INFORMATION PROVIDED START

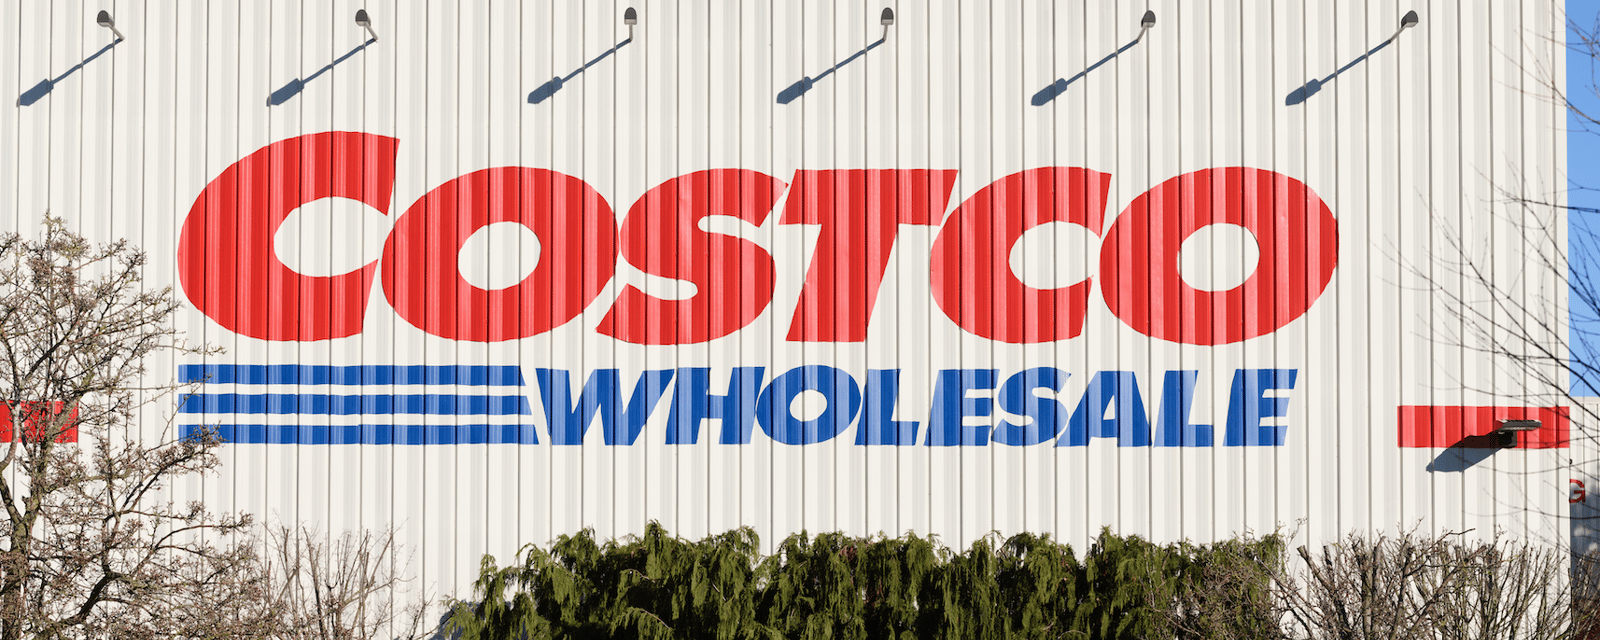 Costco publie des images du premier magasin qui a ouvert en 1983
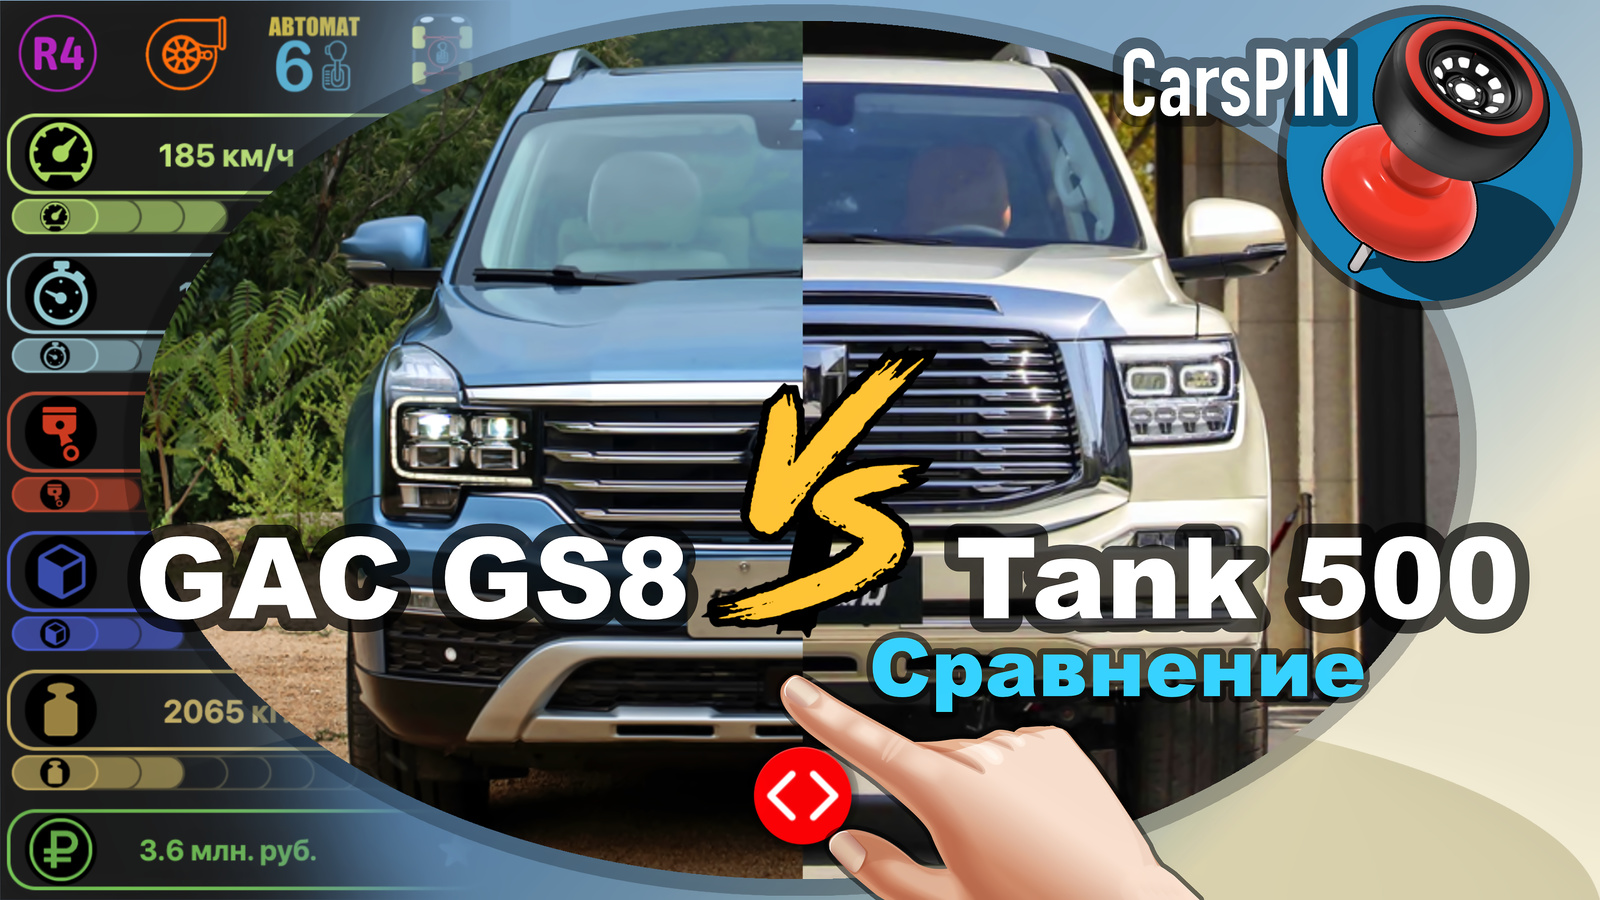 Видеосравнение автомобиля GAC GS8
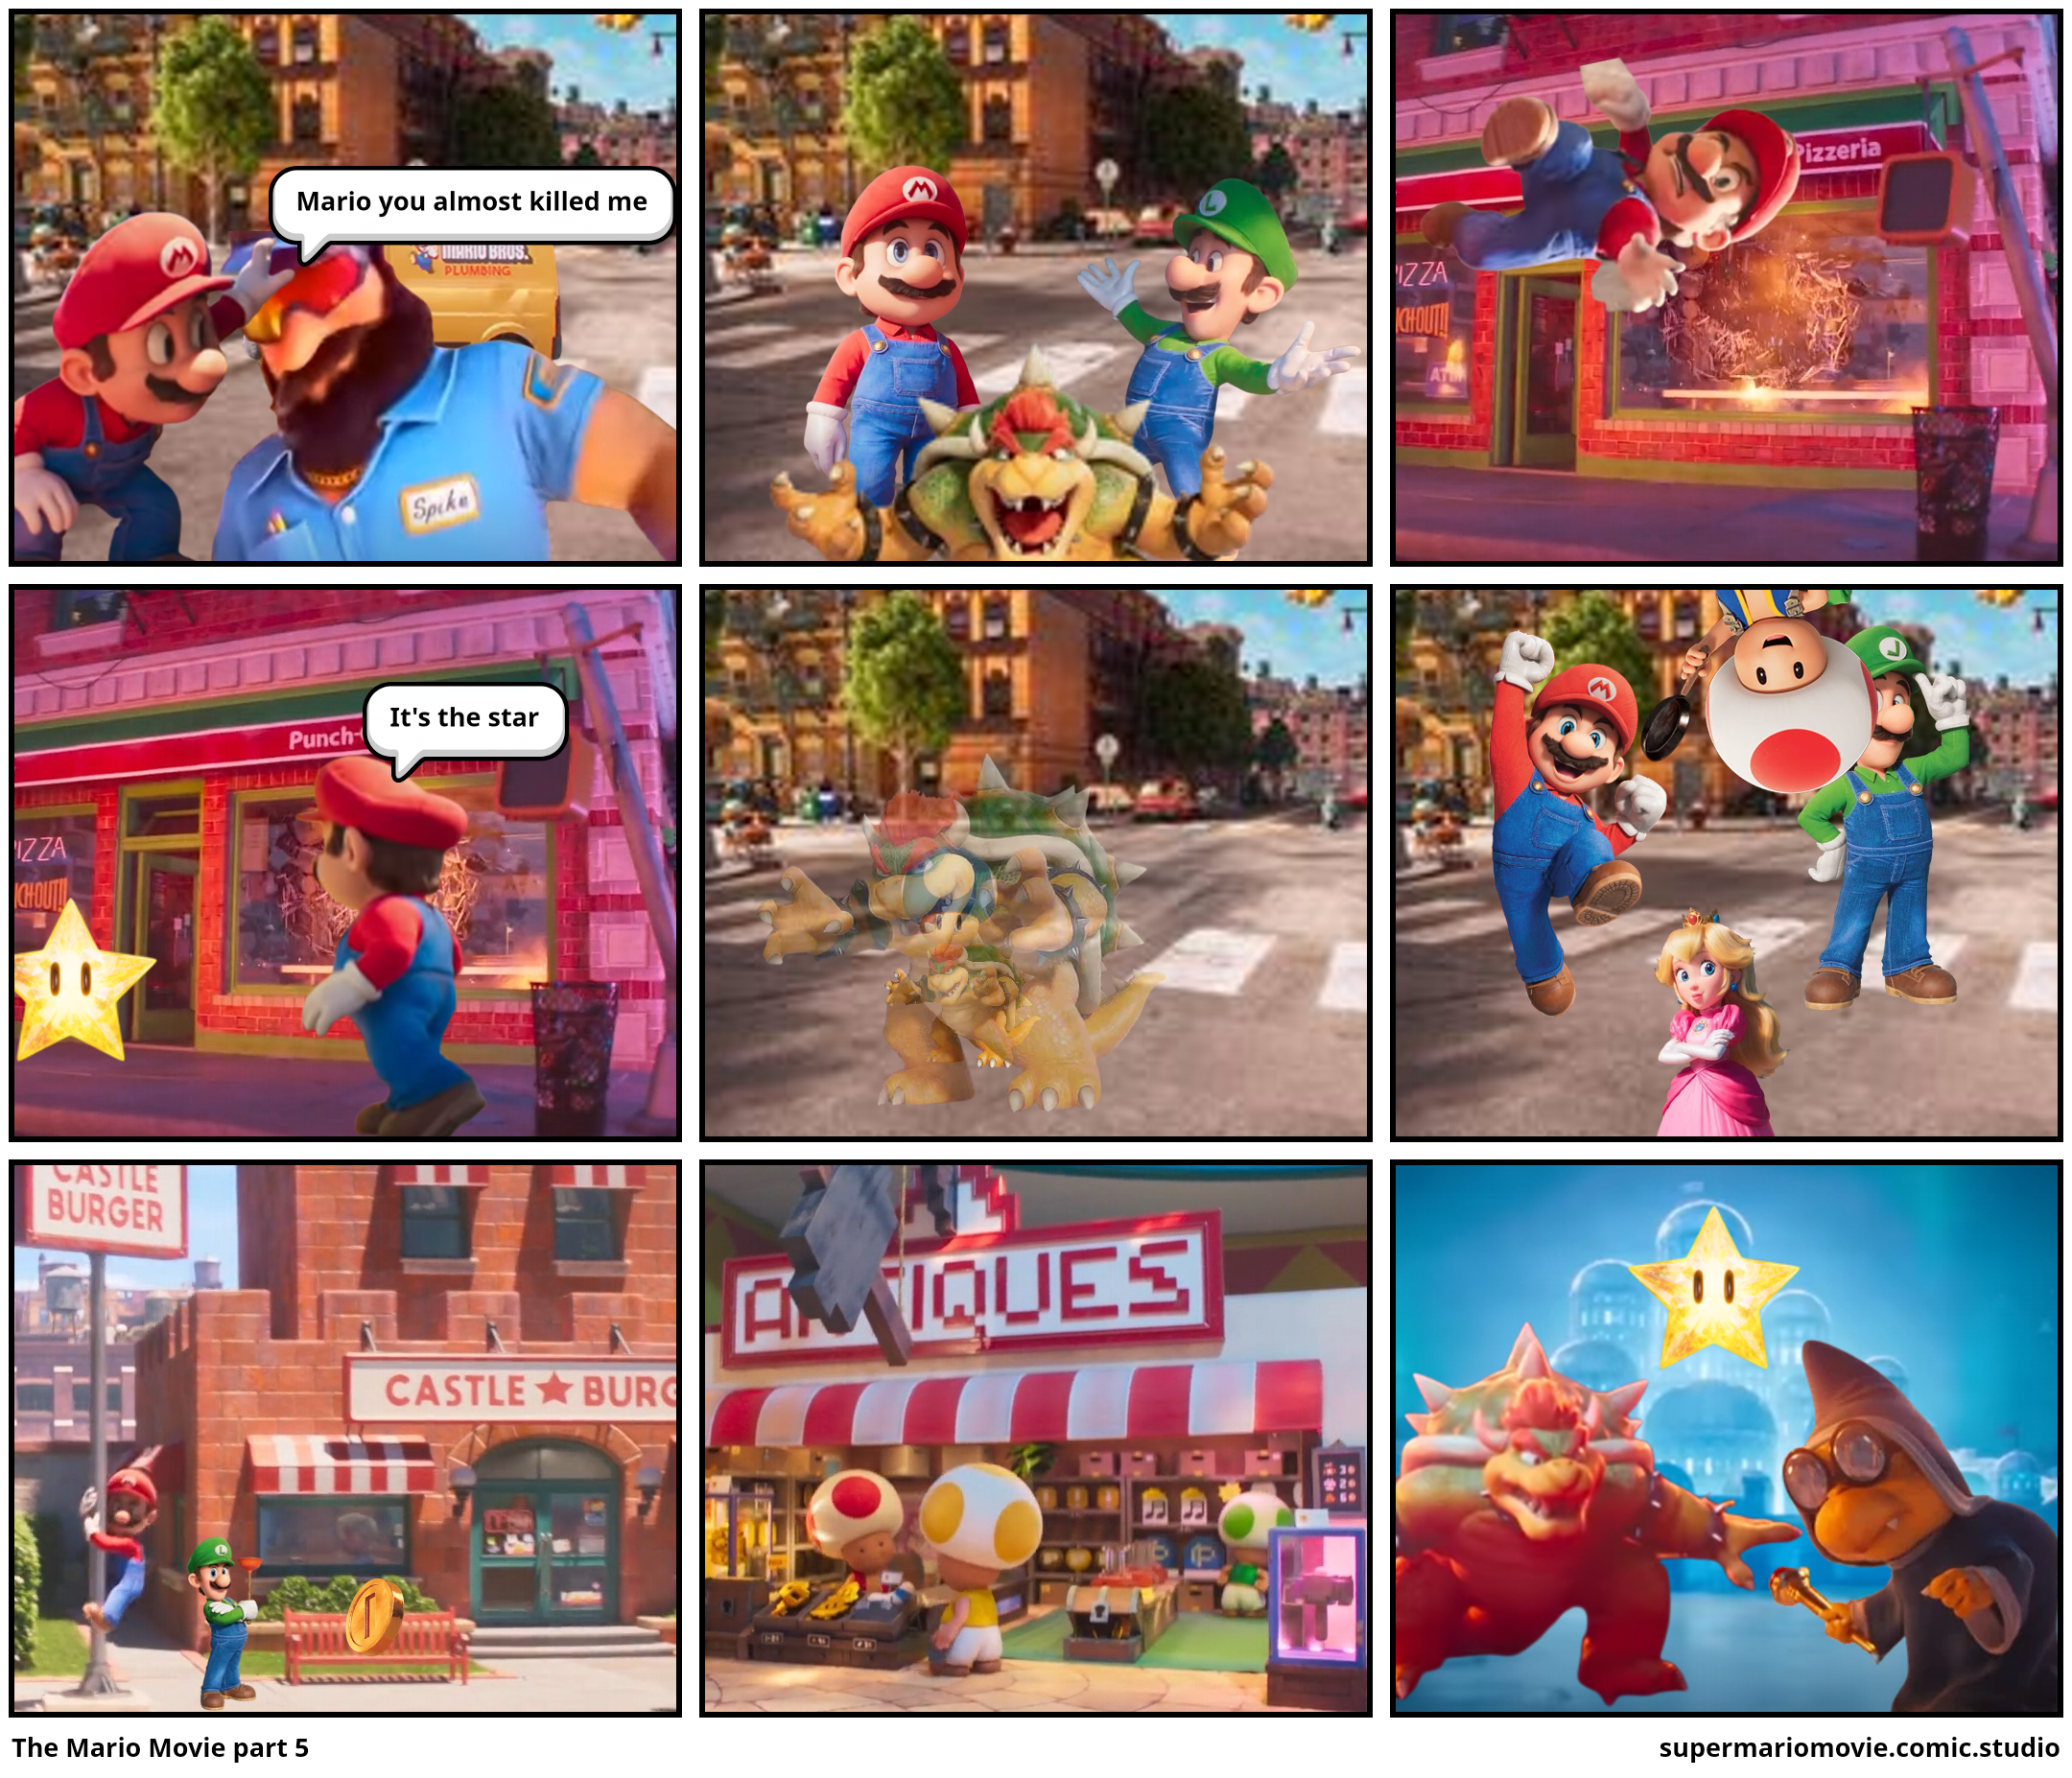 The Mario Movie part 5

INFORMATION PROVIDED END

### EXERCISE INSTRUCTIONS
Transcribe all of the material exactly and leave out its pictures.

### EXPECTED ANSWER
 Costco publie des images du premier magasin qui a ouvert en 1983
 Видеосравнение автомобиля GAC GS8
 The Mario Movie part 5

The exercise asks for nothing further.